## PROBLEM STATEMENT:
The data below should be restated word for word, with every picture omitted.

## DATA EXCERPT:
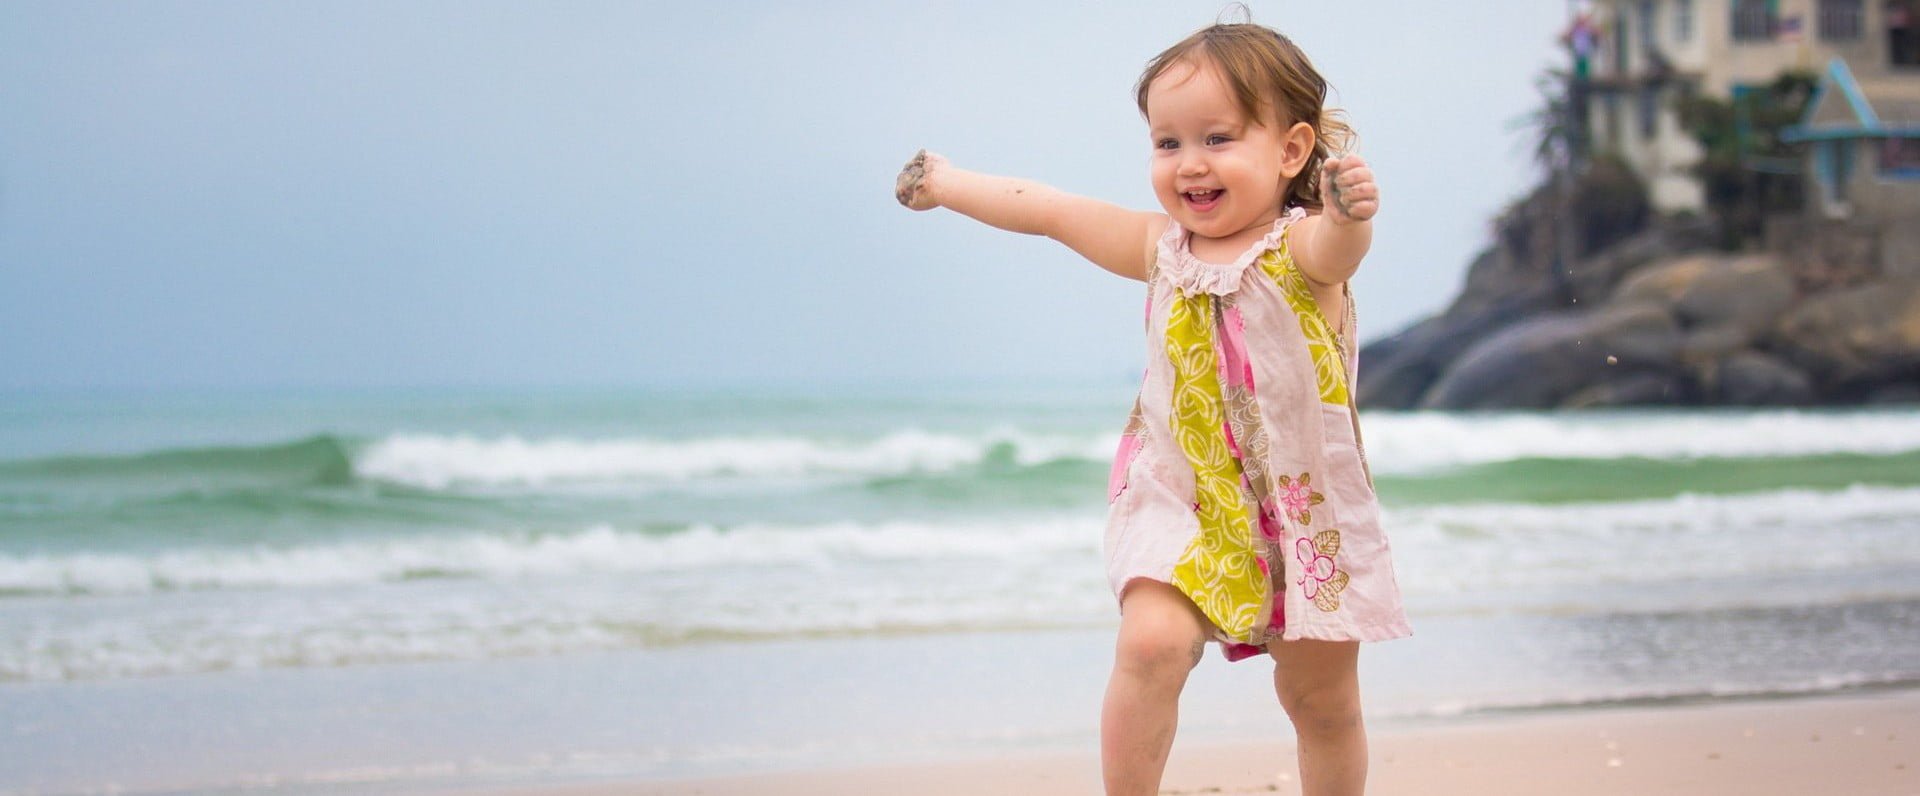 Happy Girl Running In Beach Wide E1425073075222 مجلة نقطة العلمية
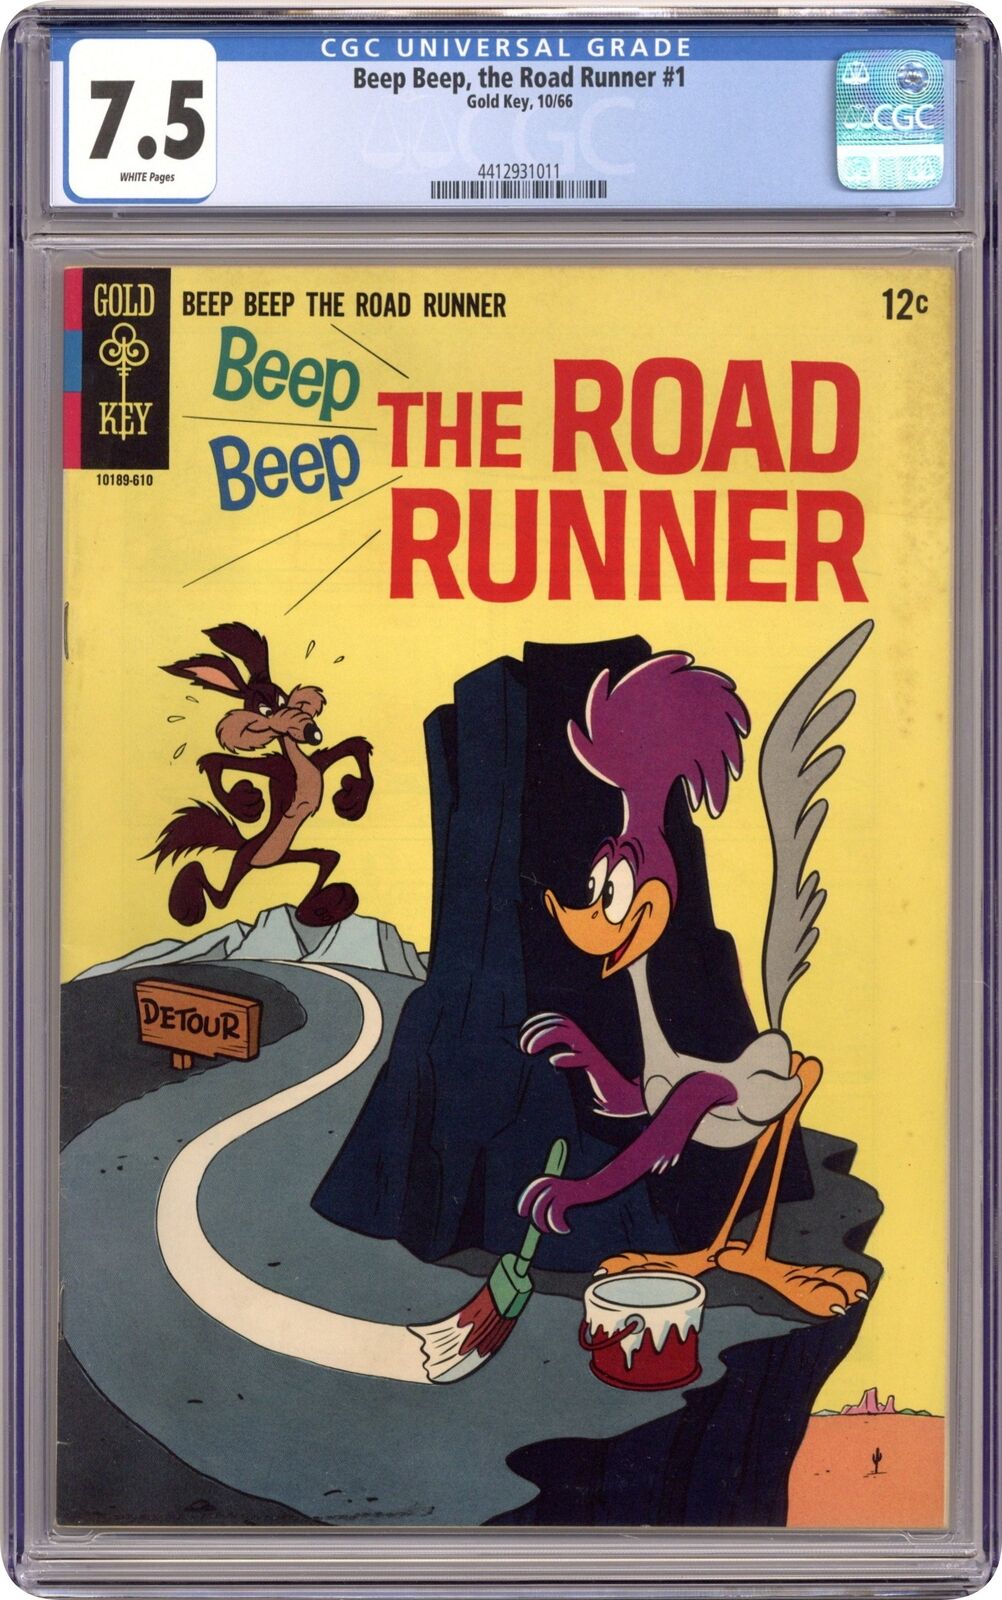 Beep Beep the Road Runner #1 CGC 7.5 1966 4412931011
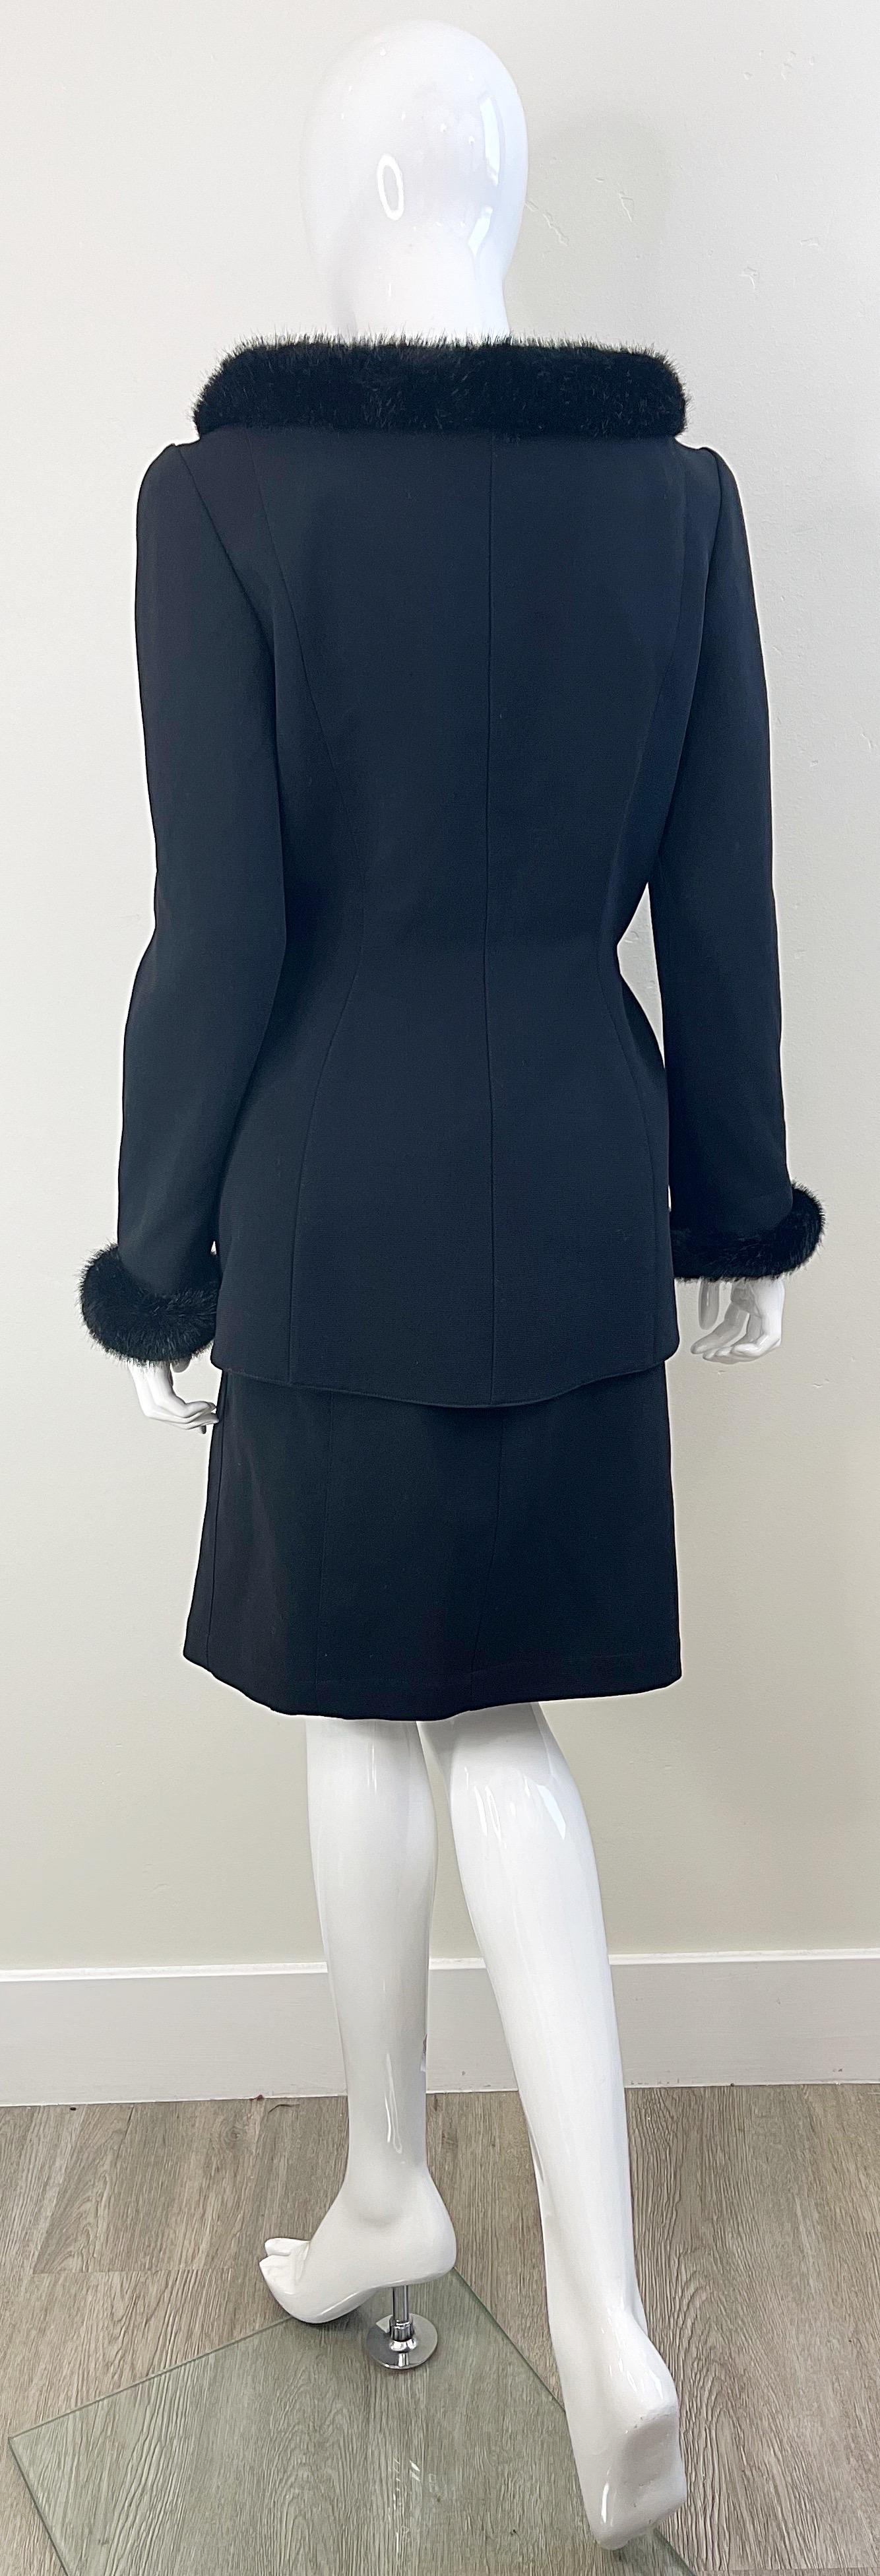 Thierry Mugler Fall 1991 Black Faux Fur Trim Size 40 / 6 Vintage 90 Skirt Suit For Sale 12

## ANSWER TO THIS PROBLEM:
 Happy Girl Running In Beach Wide E1425073075222 مجلة نقطة العلمية
 Beep Beep the Road Runner #1 CGC 7.5 1966 4412931011
 Thierry Mugler Fall 1991 Black Faux Fur Trim Size 40 / 6 Vintage 90 Skirt Suit For Sale 12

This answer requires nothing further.